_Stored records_

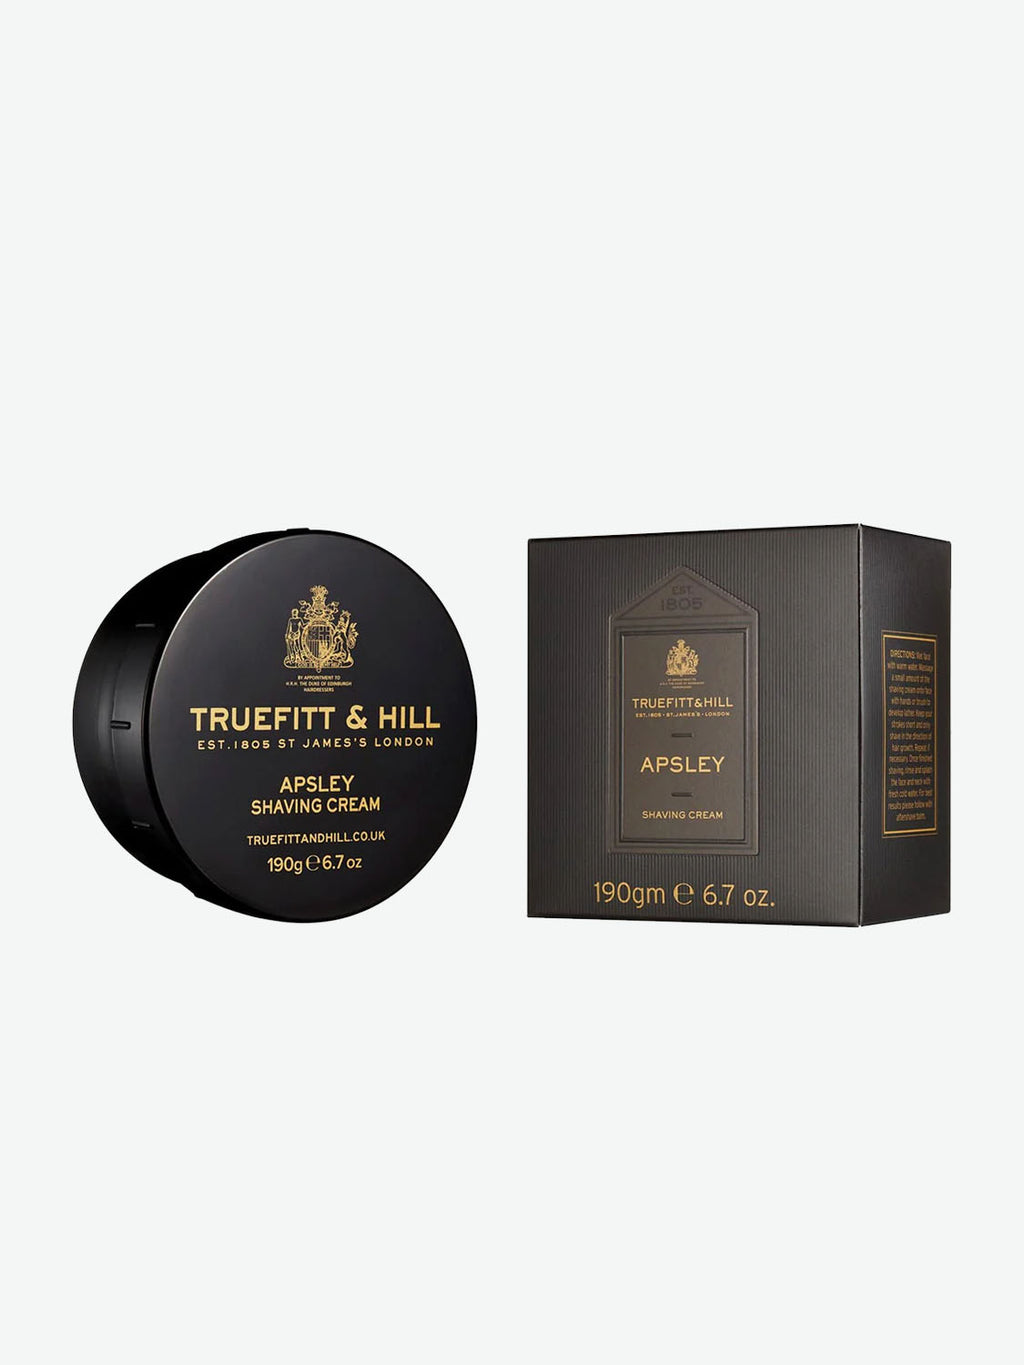 Truefitt And Hill Apsley Shaving Cream Bowl
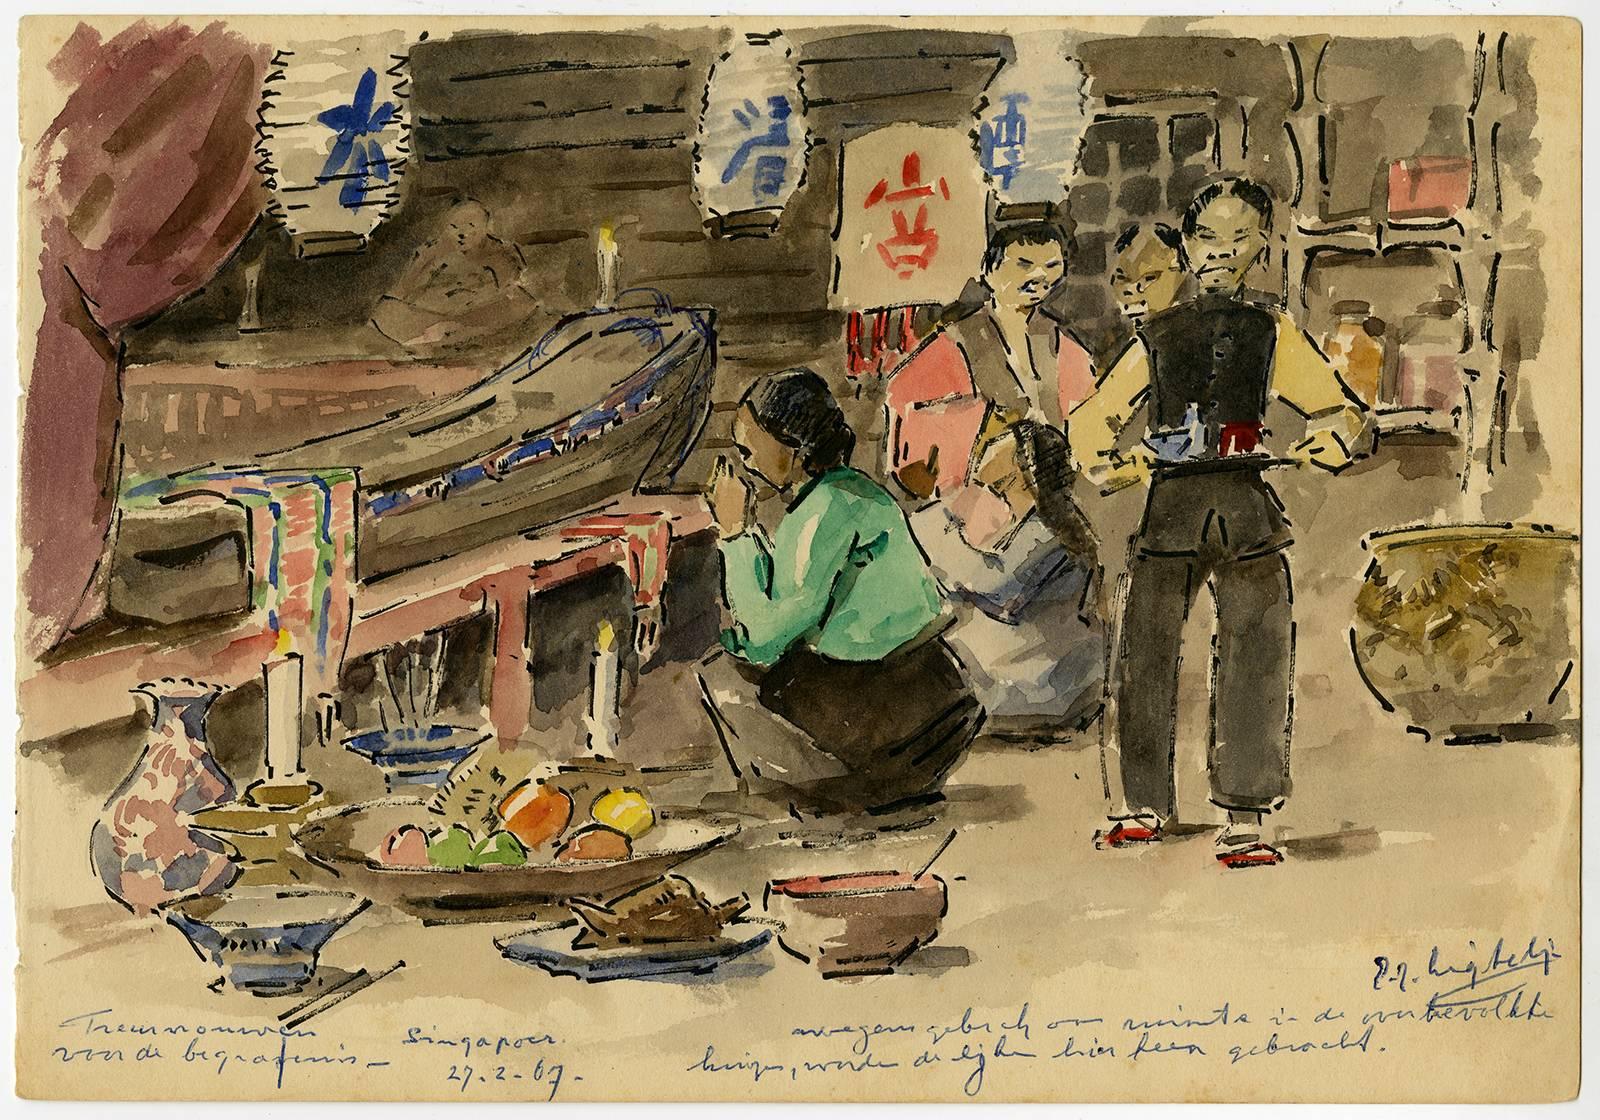 Evert Jan Ligtelijn Figurative Art – Chinese begrafenis. Singapoer. 27-2-67.
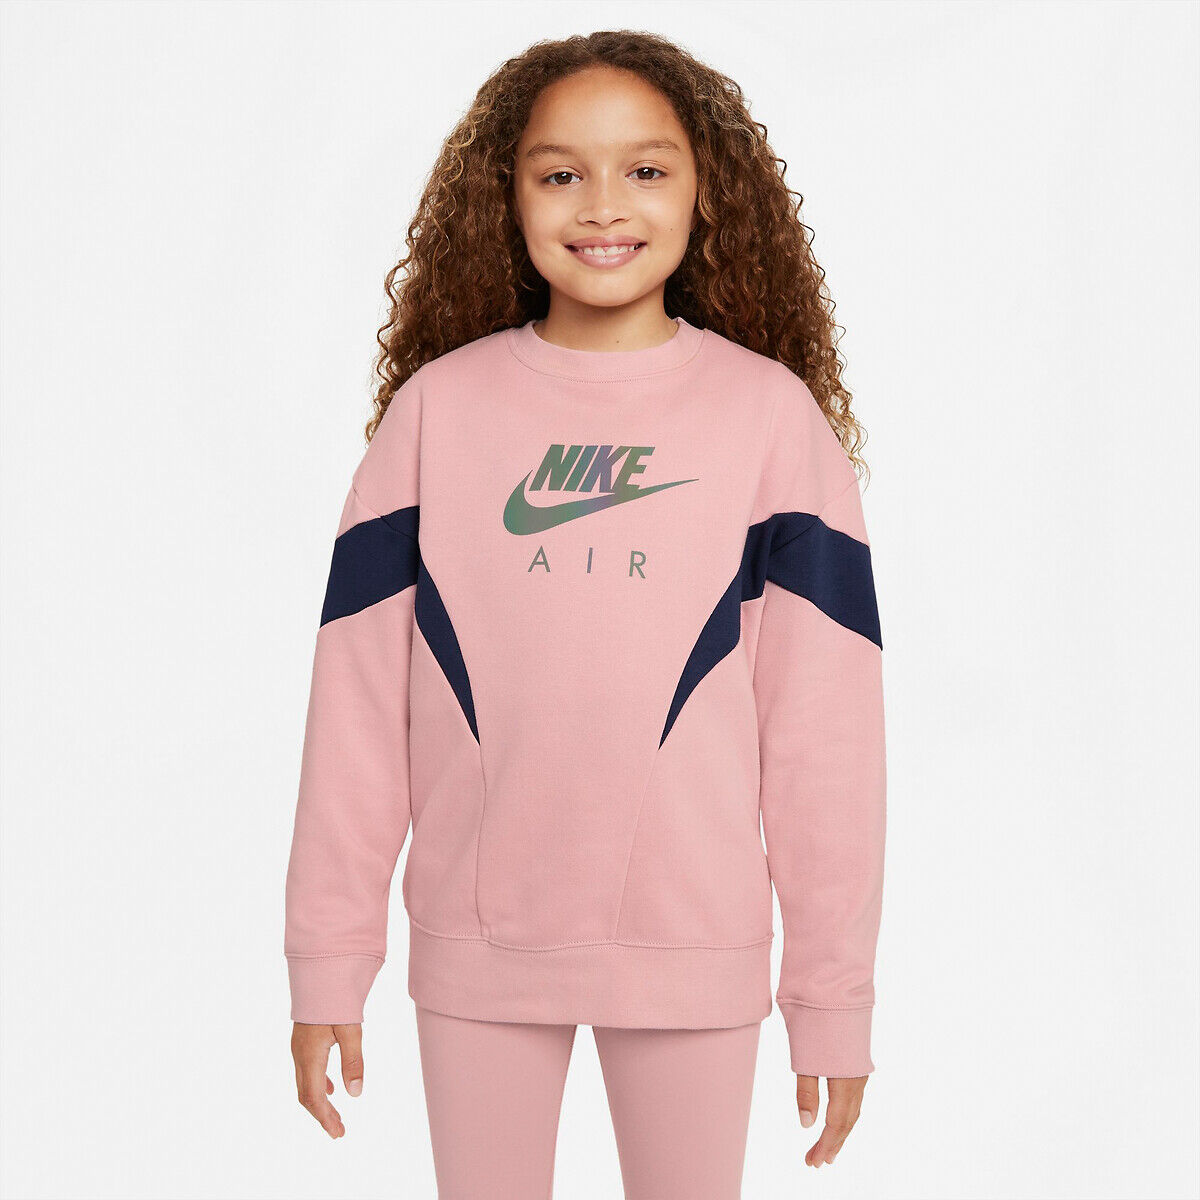 NIKE Weites Sweatshirt Nike Air, 7-15 Jahre ROSA
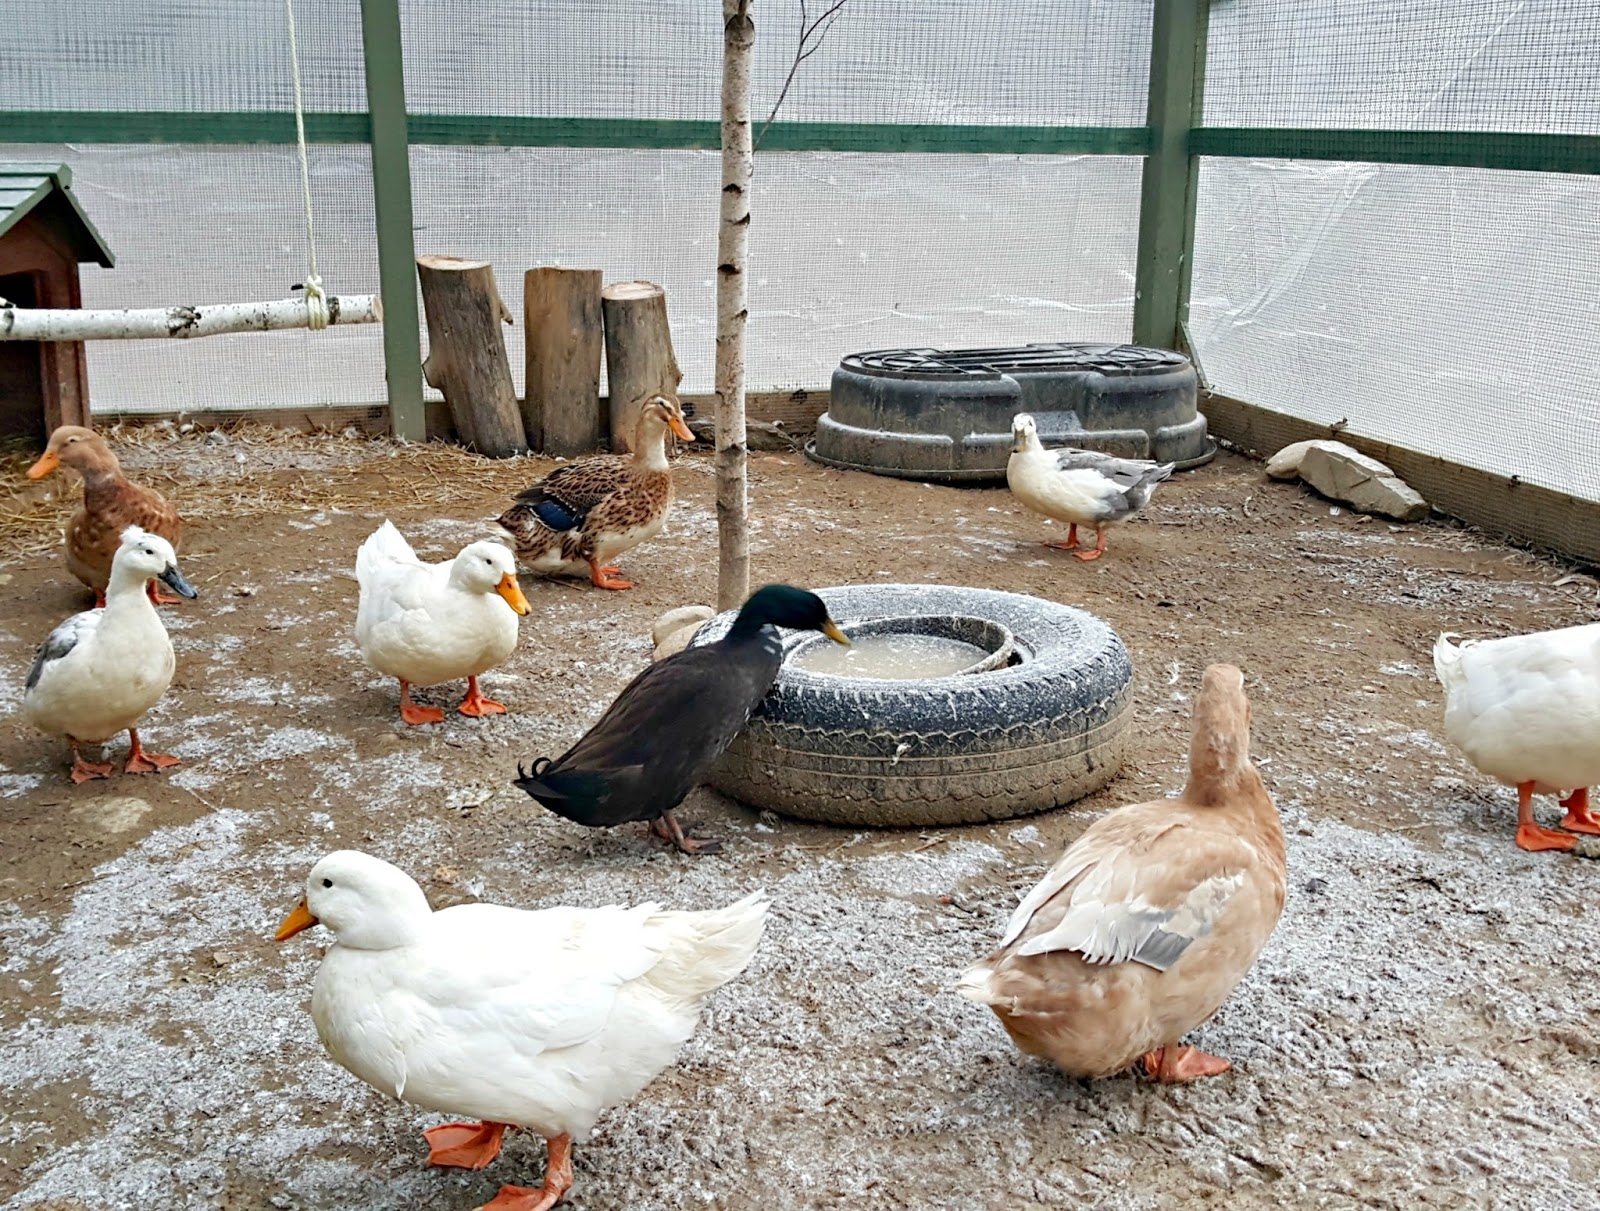 Ducks in winter photo
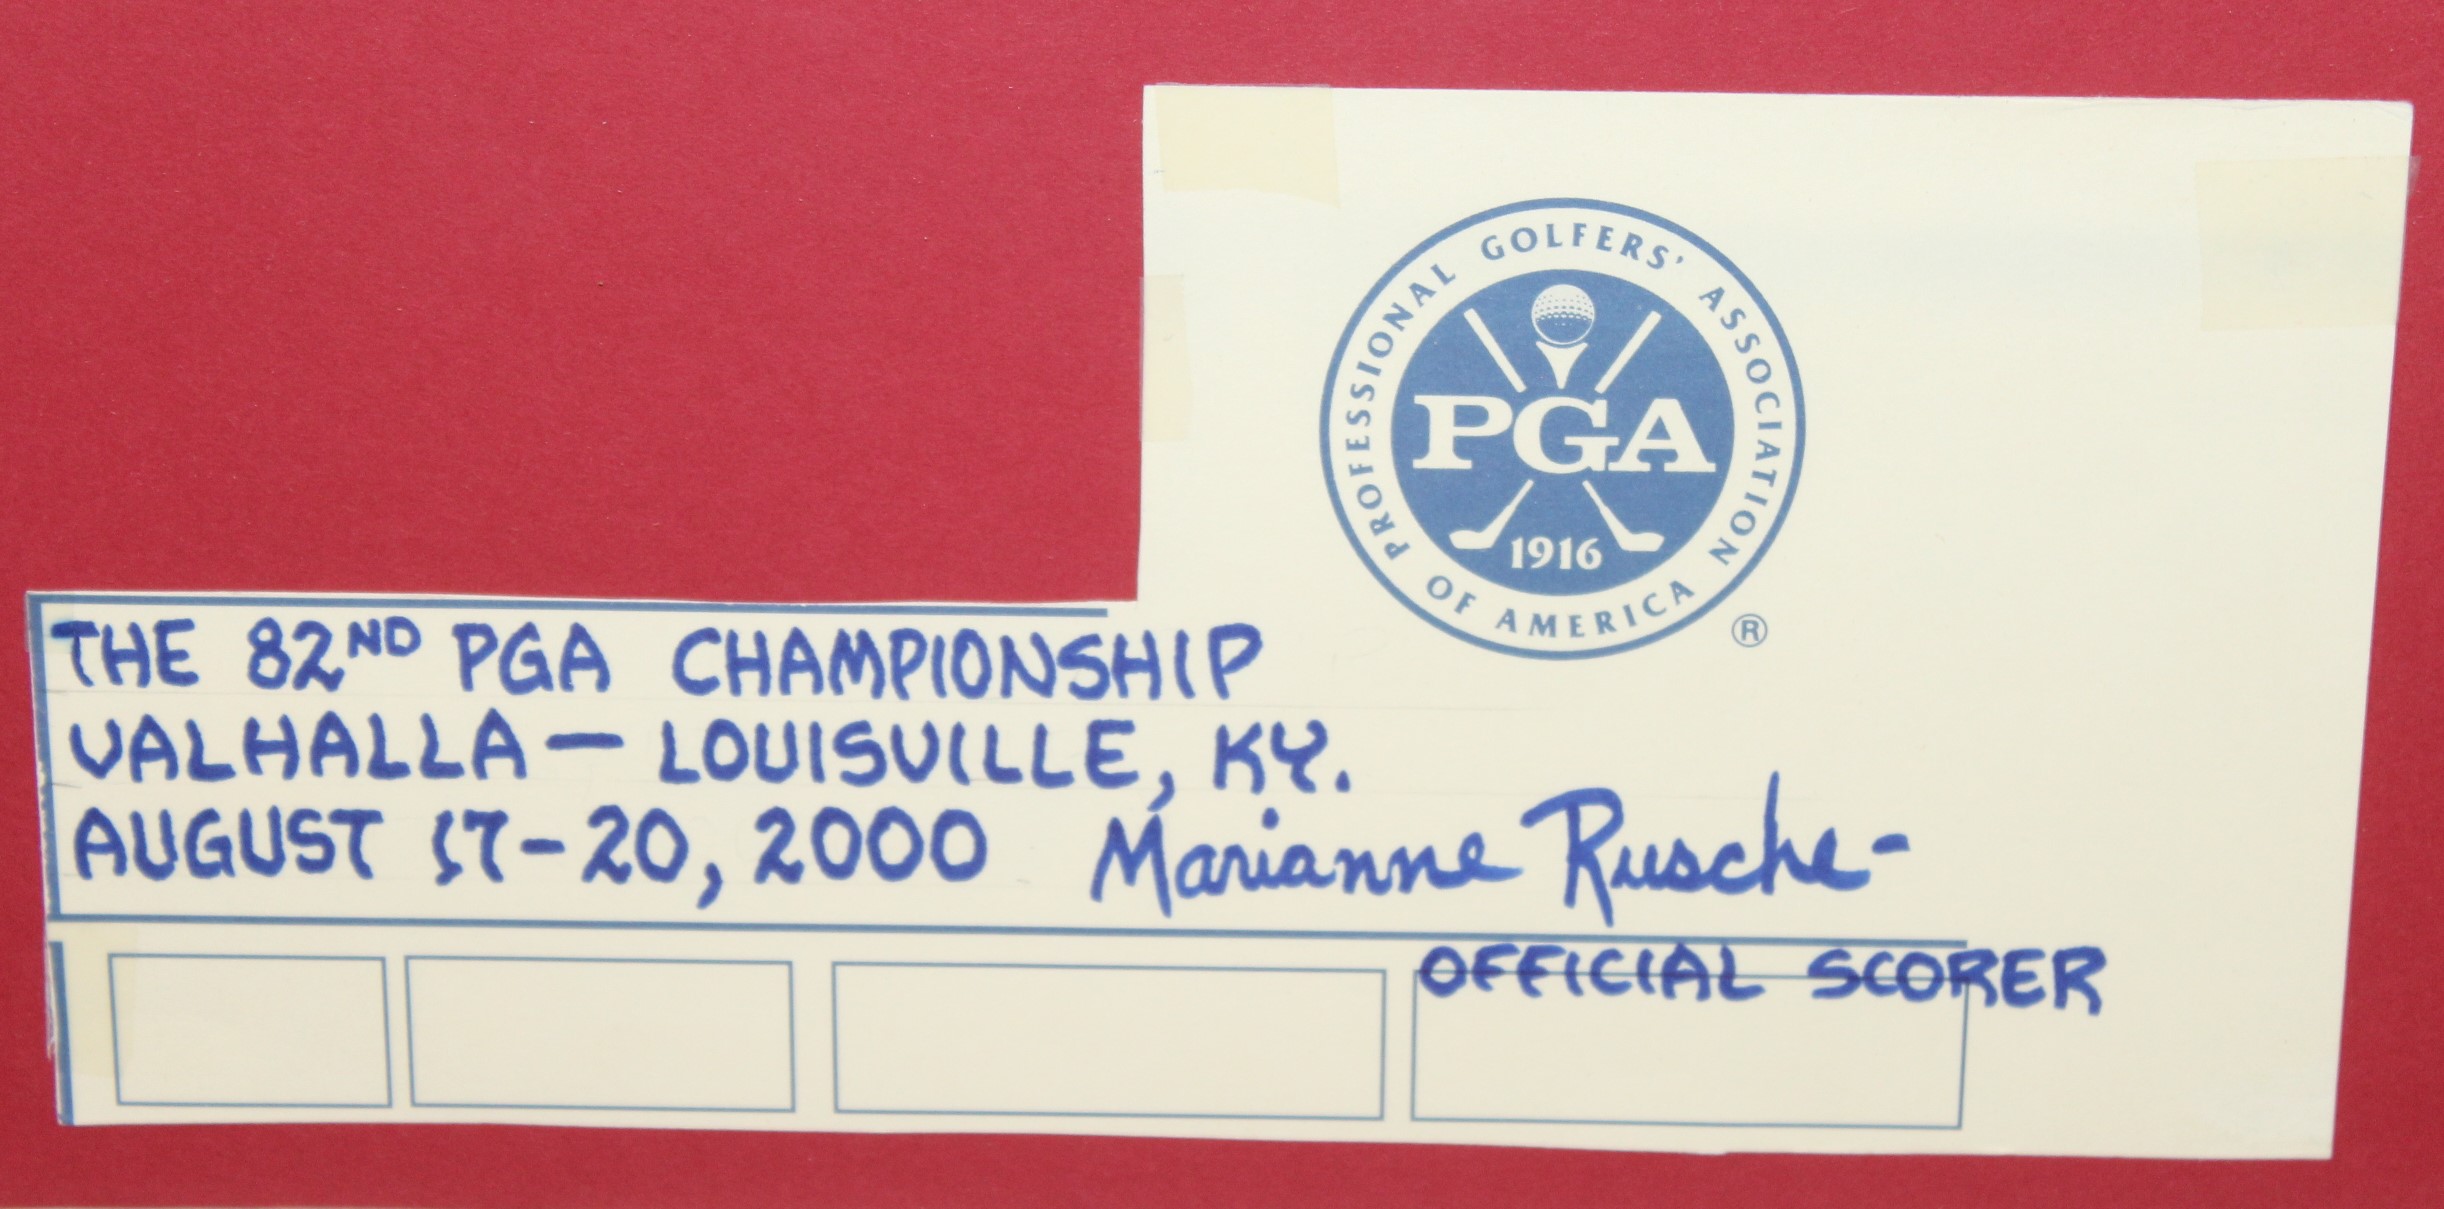 Lot Detail - Actual Scoreboard/Leaderboard from Tiger Woods 2000 PGA

_Directions_
Give again, word for word, each line from the one holding "Evert Jan Ligtelijn" through the end of the entries, and leave out any picture.

_Exercise output_
 Evert Jan Ligtelijn Figurative Art – Chinese begrafenis. Singapoer. 27-2-67.
 NIKE Weites Sweatshirt Nike Air, 7-15 Jahre ROSA
 Ducks in winter photo
 Lot Detail - Actual Scoreboard/Leaderboard from Tiger Woods 2000 PGA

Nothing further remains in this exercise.